Spoiler alerts
Fans seem to be all over the map on the “Mad Men” series finale. When I watched it, I was candidly a little disappointed. But reflecting on it, I think that some of that disappointment speaks to the real world. In other words, Matthew Weiner, the show’s creator, seems to have captured the frustrations of the era. And fittingly for this blog, many of them touch on themes of female disempowerment and male workplace hegemony.
First, there was Peggy. After years of climbing the ladder, speaking out against the man, and possibly the best entrance ever (in an episode called by some “the Series’ Most Feminist Episode Yet”), Peggy’s solicitude comes not from her career, but from a man. Sure, there’s a lovely reversal of gender power dynamics in that here, Peggy is Stan’s boss (shout out to a great “30 Rock” episode). But two troubling dynamics remain. First, recall that Stan is married. Call me crazy, but I don’t imagine that Peggy’s teenage dream was to fall in love with a man who is already married to someone else.
Second, Peggy will stay at McCann. I’ll suggest that this I partly to be with Stan. This is not a feminist outcome. As Pete says, McCann is a place where she could make Creative Director by 1980. And as Peggy says, that’s a long time. The viewer’s instinct is to feel happy for Peggy because someone finally loves her and loves that she is good at her job. But this reality is actually somewhat dark: She’s staying in a glass-ceiling environment, and her happiness comes from being a mistress (will she one day be a spouse?). This is hardly the feminist ending that some of us would have hoped for.
But there is also realism in this unfeminist outcome. Peggy’s career prospects aren’t what she deserves. And settling for a man married to someone else . . . I’ll leave it there.
Joan arguably fares marginally better. She has managed to reinvent herself once again. But let us recall that Joan’s two major career advancements have come at a substantial personal cost. She made partner at Sterling Cooper by sleeping with a client. And she left McCann at cost of half of the equity that she’d accrued by doing so. On top of that, once again, the man that she thought that she loved has left her. In other words, virtually all of Joan’s downside accrues from sexism. Any happiness we feel for Joan should come with a strong helping of disgust for what she has had to endure.
And what of the next generation? Sally has returned home from school to watch her mother die while taking up her mother’s domestic tasks. Perhaps the only saving grace here is that the parallel runs to Don and not to Betty: Don was forced to become his own father when he and his mother went to live in, as he termed it, “a brothel.” Just as Don became his own father, Sally now becomes her own mother. The heteronormativity and gender-confirming roles notwithstanding, perhaps Sally will be able to become who she wants to be as Don did. But then again, Sally’s wish as she left on her bus tour was to never be like her parents.
So who wins at the end? Arguably Pete and Don. Pete is back in all of his season 1 splendor: Married to Trudy and on the fast track.

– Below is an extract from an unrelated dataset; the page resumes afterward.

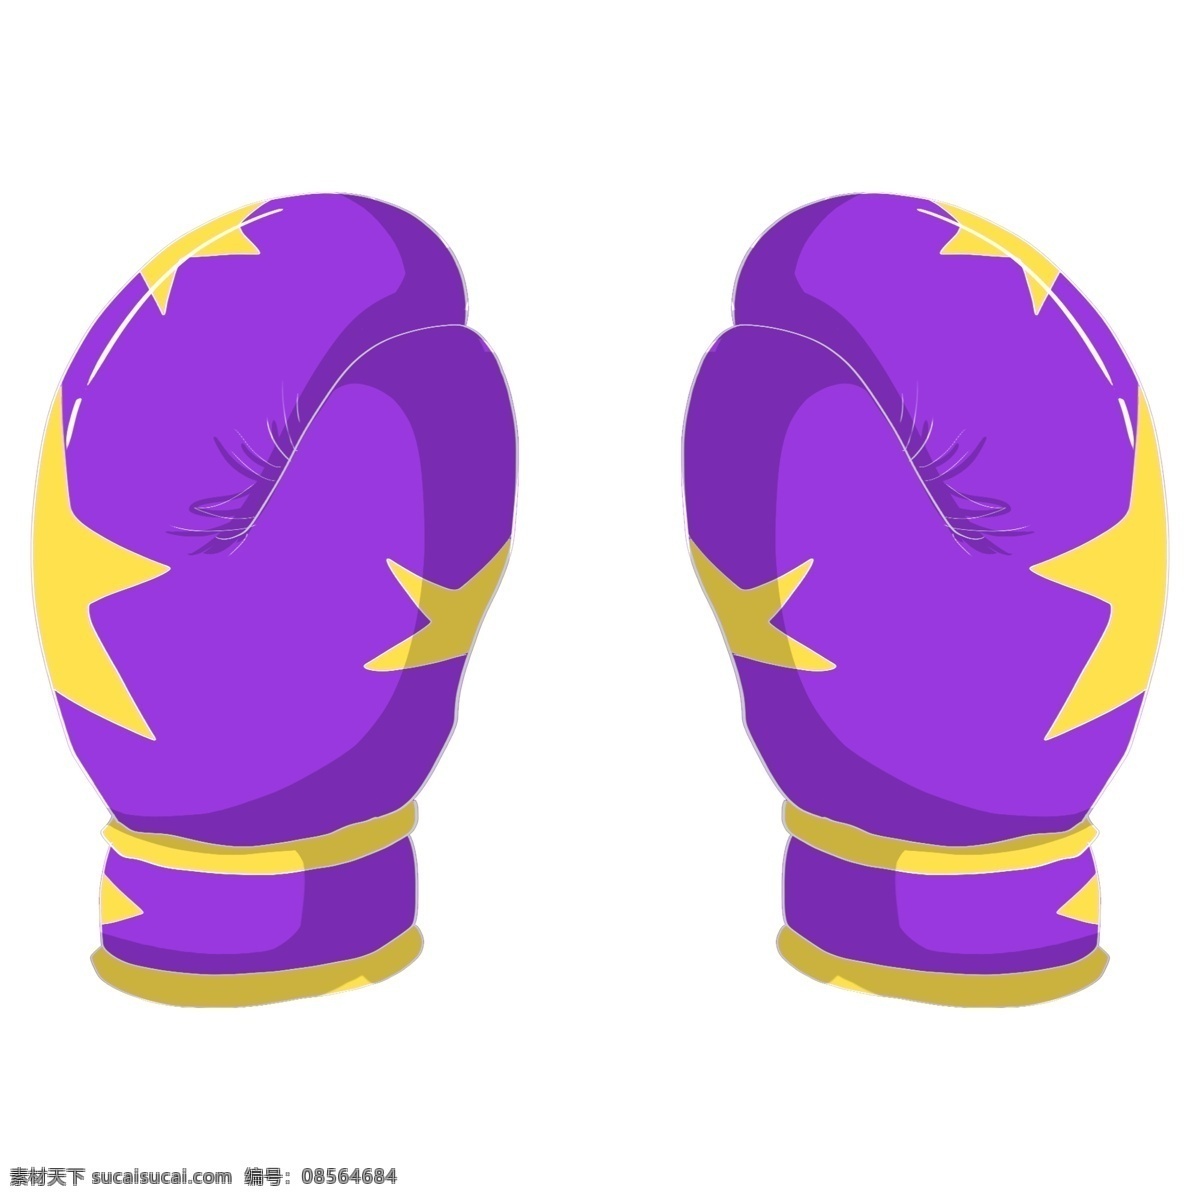 手绘 紫色 拳击 手套 紫色的手套 保护的手套 卡通插画 手绘手套插画 拳击手套插画 打拳的手套

And Don? The series leaves us hanging a little, but Jon Hamm’s recent New York Times interview sheds some light. Don finds both self-transcendence and reaches the apex of his career, according to Hamm:
“My take is that the next day, he wakes up in this beautiful place, and has this serene moment of understanding, and realizes who he is. And who he is, is an advertising man. And so, this thing comes to him. There’s a way to see it in a completely cynical way, and say, ‘Wow, that’s awful.’ But I think that for Don, it represents some kind of understanding and comfort in this incredibly unquiet, uncomfortable life that he has led.”
In other words, Don is back on top of his profession.
I see this conclusion as both troubling and fitting. Despite the strivings of female characters, the arrival of 1970 did not spell workplace equality. The resolutions that the characters find show that women can’t have it all. But we are nonetheless led to feel happy for them. It is, as Jon Hamm says, “some kind of understanding and comfort in this incredibly unquiet, uncomfortable life.”